== Given information ==
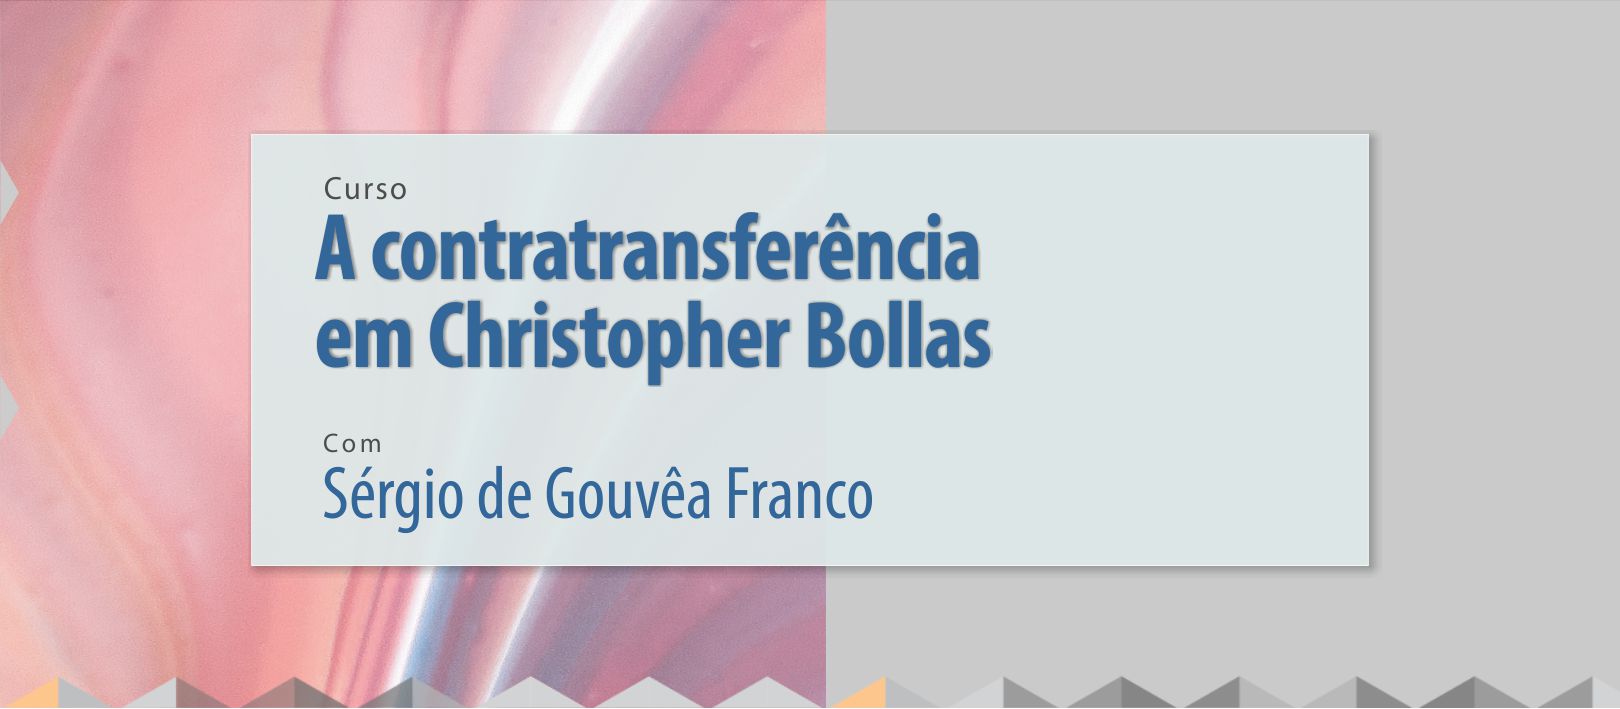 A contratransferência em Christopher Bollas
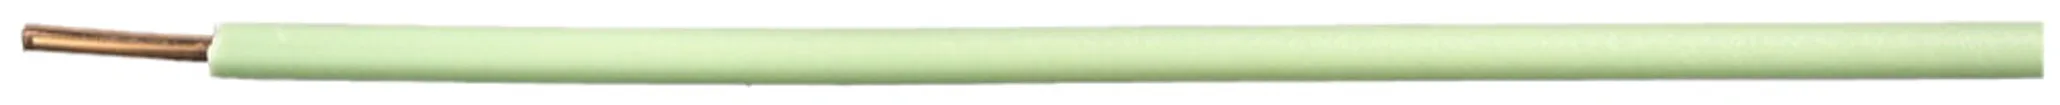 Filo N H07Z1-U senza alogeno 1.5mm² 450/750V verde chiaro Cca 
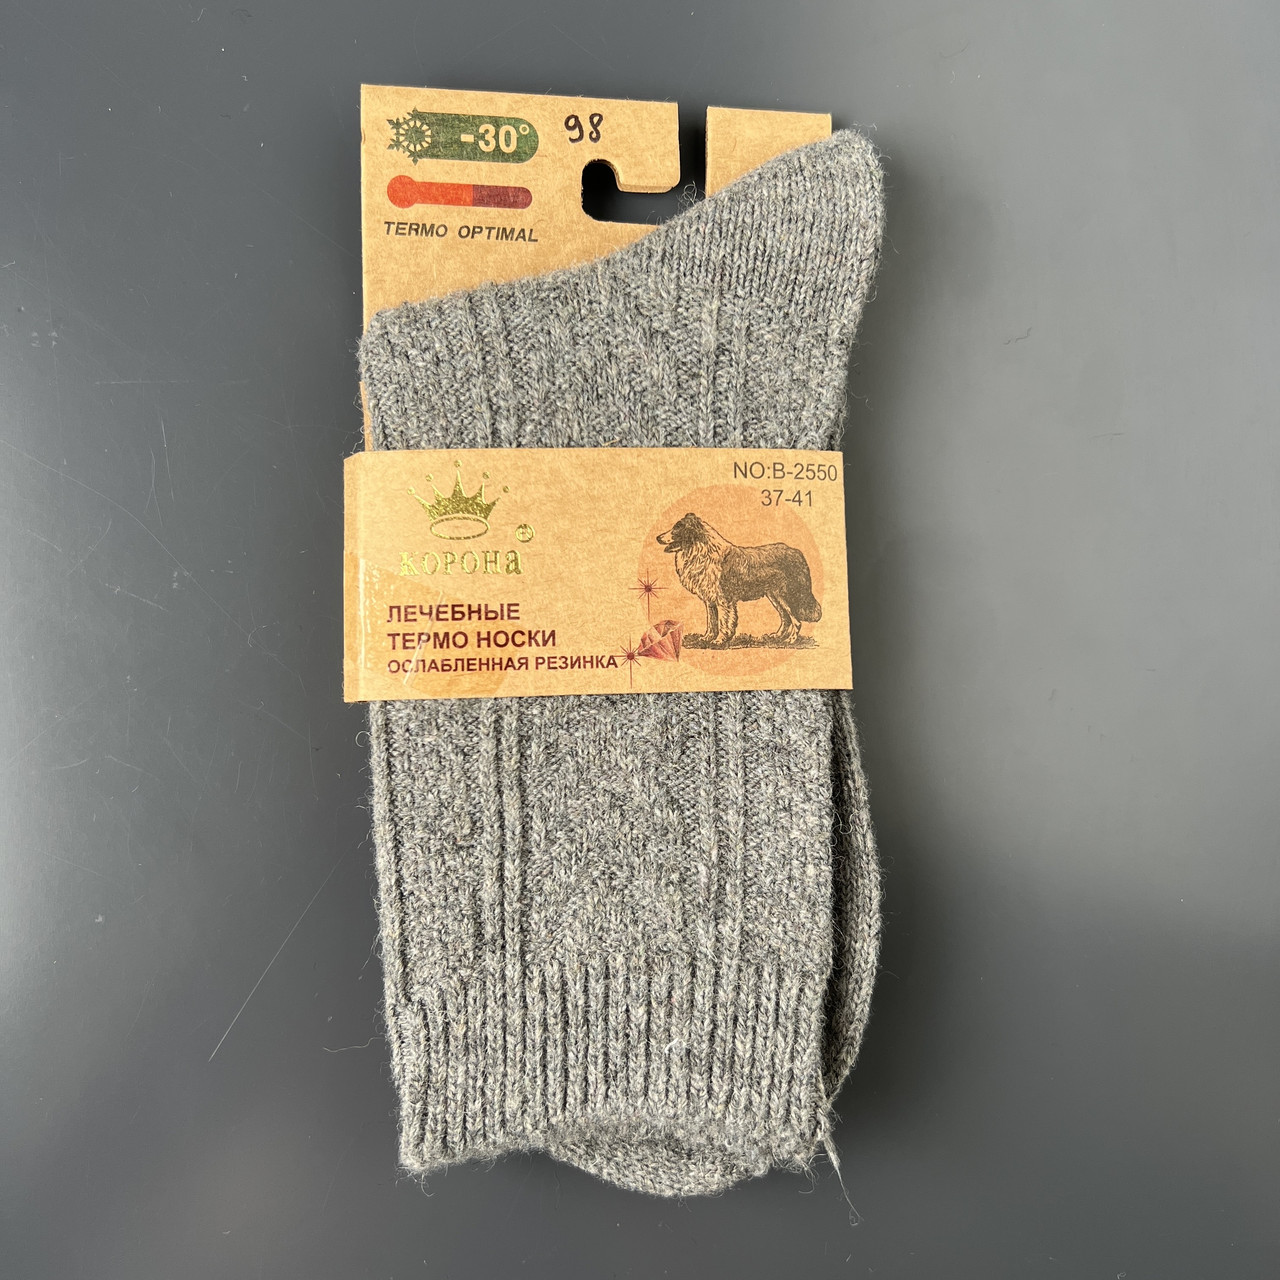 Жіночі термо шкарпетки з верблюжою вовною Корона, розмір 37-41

== Exercise details ==
Leave the pictures out and retype only the lines from the line with "Filo N H07Z1-U" through the final line of the material, both ends included, word for word.

== Answer space ==
 Filo N H07Z1-U senza alogeno 1.5mm² 450/750V verde chiaro Cca 
 Жіночі термо шкарпетки з верблюжою вовною Корона, розмір 37-41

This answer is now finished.